Em termos de impactos sensíveis no PiB da região em resultado do projeto Alqueva podemos contabilizar mais de 250 milhões de euros, derivados do incremento da atividade agrícola na primeira fase do regadio, registando um aumento da mão-de-obra superior aos 200% e, no setor agroalimentar, estima-se que em cada ano o Empreendimento de Fins Múltiplos de Alqueva, EFMA, tenha como efeito sobre a indústria agroalimentar uma expansão da produção em 250 milhões de euros a que corresponde um acréscimo de VAB de cerca de 56 milhões de euros, um adicional de emprego de quase mil postos de trabalho, mais 12 milhões de euros de impostos e uma melhoria do saldo externo que poderá ascender a cerca de 191 milhões de euros.

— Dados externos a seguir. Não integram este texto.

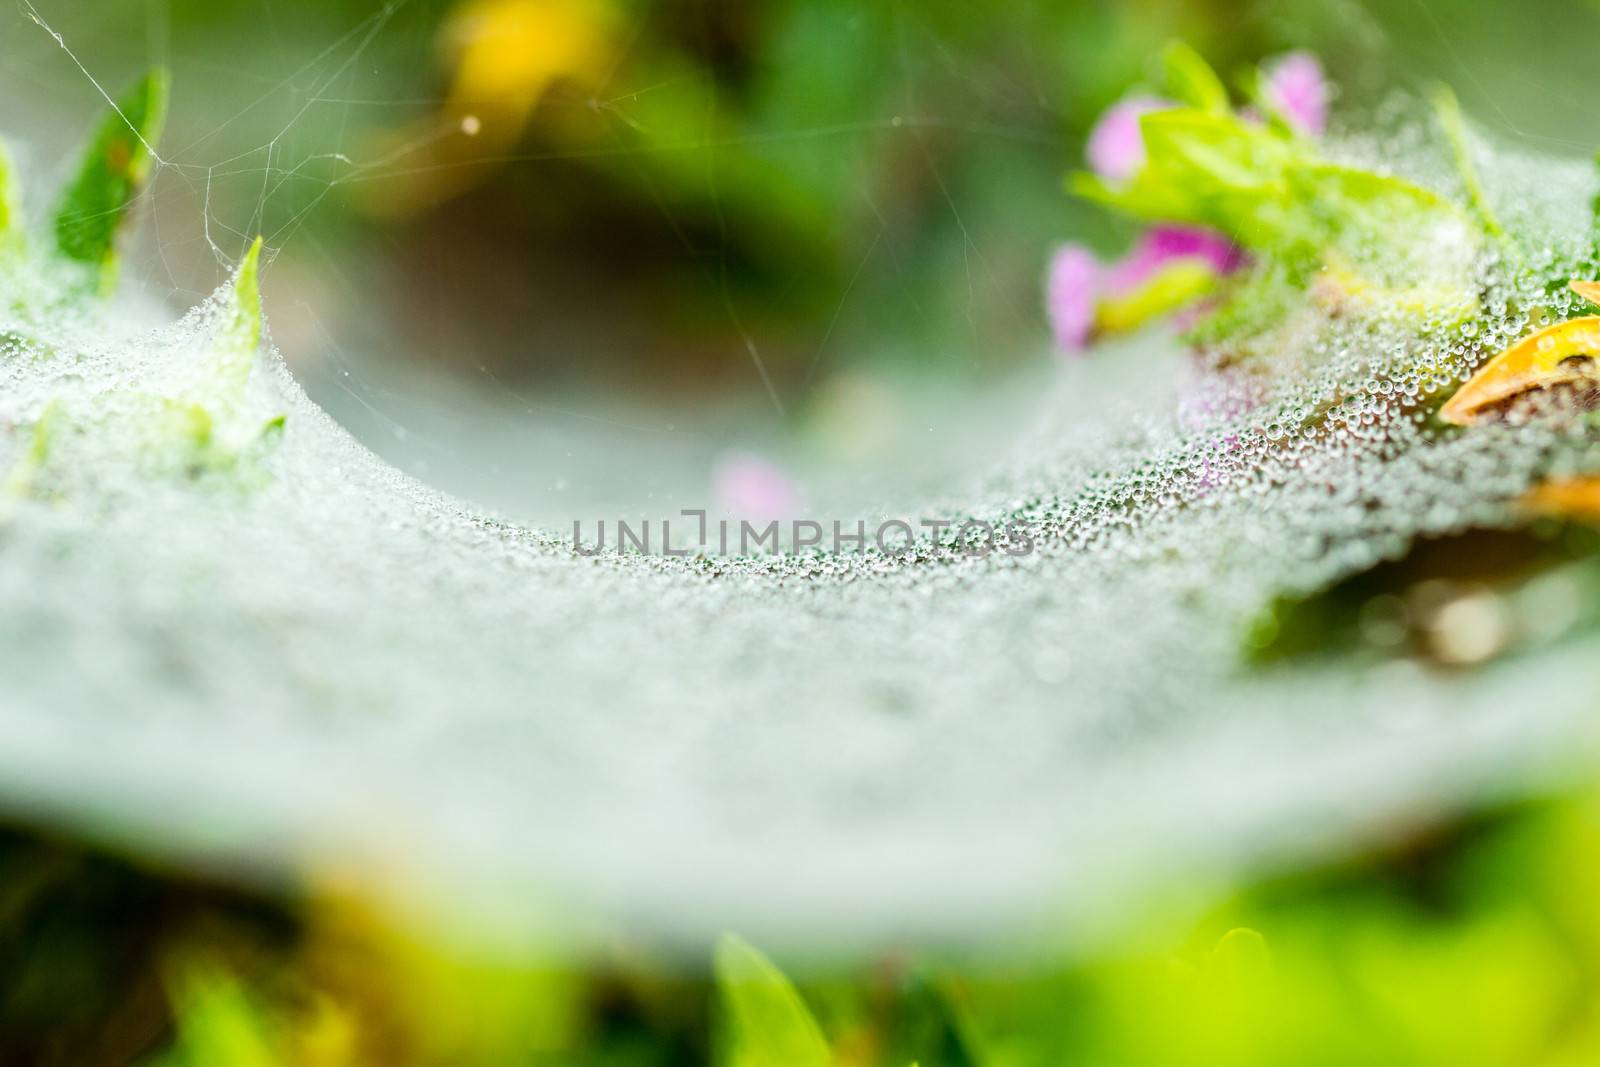 dewdrop condensation on spider web in the morning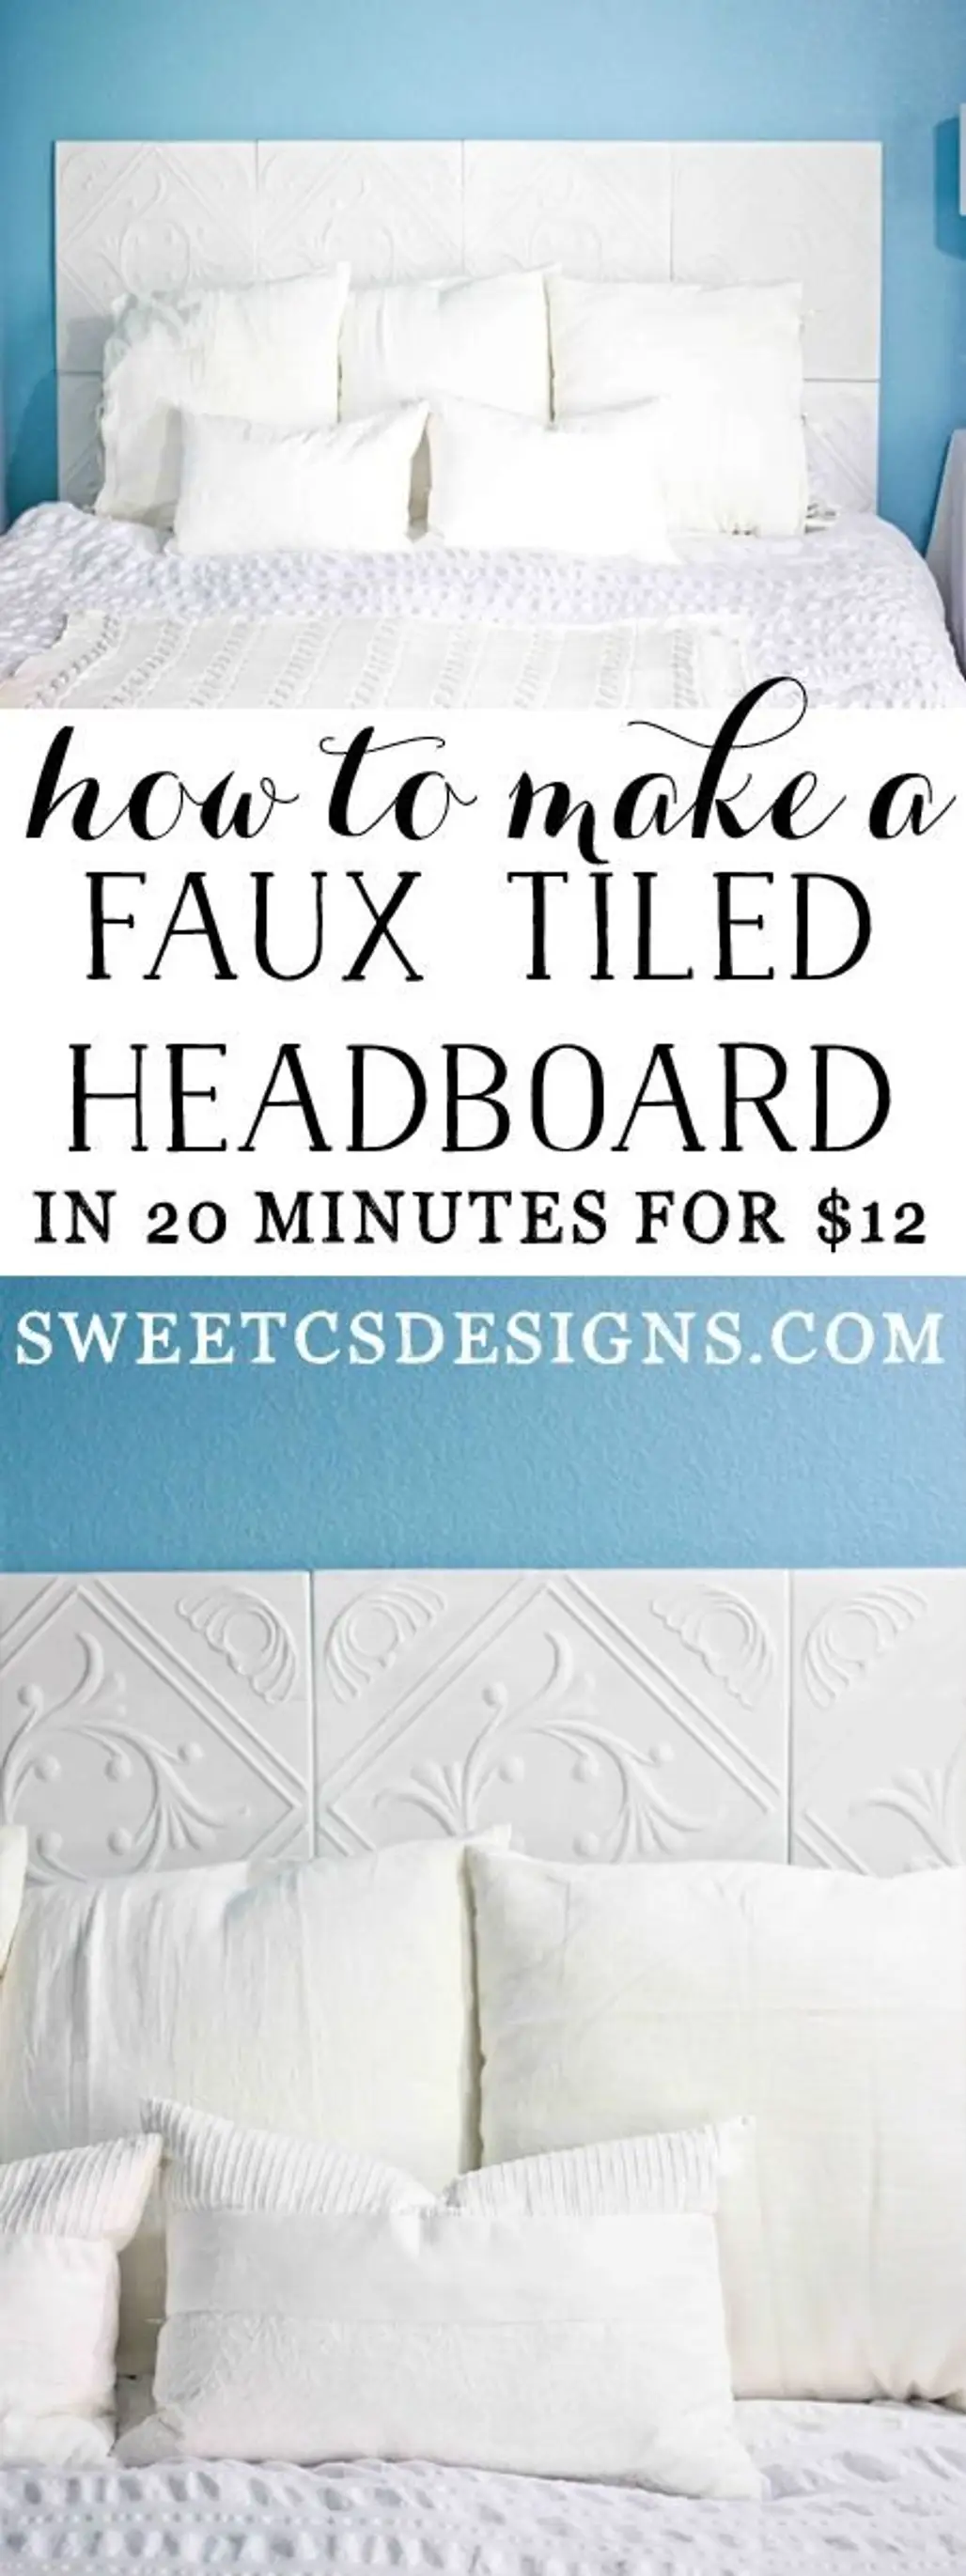 How to Make a Faux Tiled Headboard-

No setor do turismo o EFMA poderá ter um efeito em termos de produção anual que está a estabilizar em torno de 60 milhões de euros representando um acréscimo de emprego na ordem dos 150 postos de trabalho. No que respeita à produção de energia, o impacto médio deverá andar em torno dos 70-80 milhões de euros por ano.
O que mudou no Alentejo desde então devido a este projeto, sobretudo em termos de volume de produção agrícola, autossuficiência e capacidade exportadora? As estatísticas são reveladoras das mudanças operadas no setor agrícola na região servida por Alqueva. Os dados mais recentes estão sem dúvida associados ao incremento das áreas servidas pelo olival e pelo amendoal, as duas principais culturas impulsionadas por Alqueva, atualmente já com mais de 68 mil hectares e 15 mil hectares, respetivamente, apenas nas zonas geridas diretamente pela EdiA. Este incremento permitiu a Portugal, no que à produção de azeite diz respeito, passar de deficitário a excedentário, com um peso relevante na balança comercial. Portugal passou a ser o sétimo País produtor de azeite a nível mundial, com a particularidade de o azeite português ser considerado entre 90% e 95% de qualidade virgem e extra virgem. No que diz respeito à amêndoa, o aumento da área registada em Alqueva, mesmo não estando toda ainda em plena produção, já permitiu duplicar a produção Nacional. Outras culturas há que fazem parte do leque produtivo regional e produtos de exportação, como são o caso do vinho, da fruta, com especial destaque para a uva de mesa e romã, da cebola e do alho, da abóbora ou do milho.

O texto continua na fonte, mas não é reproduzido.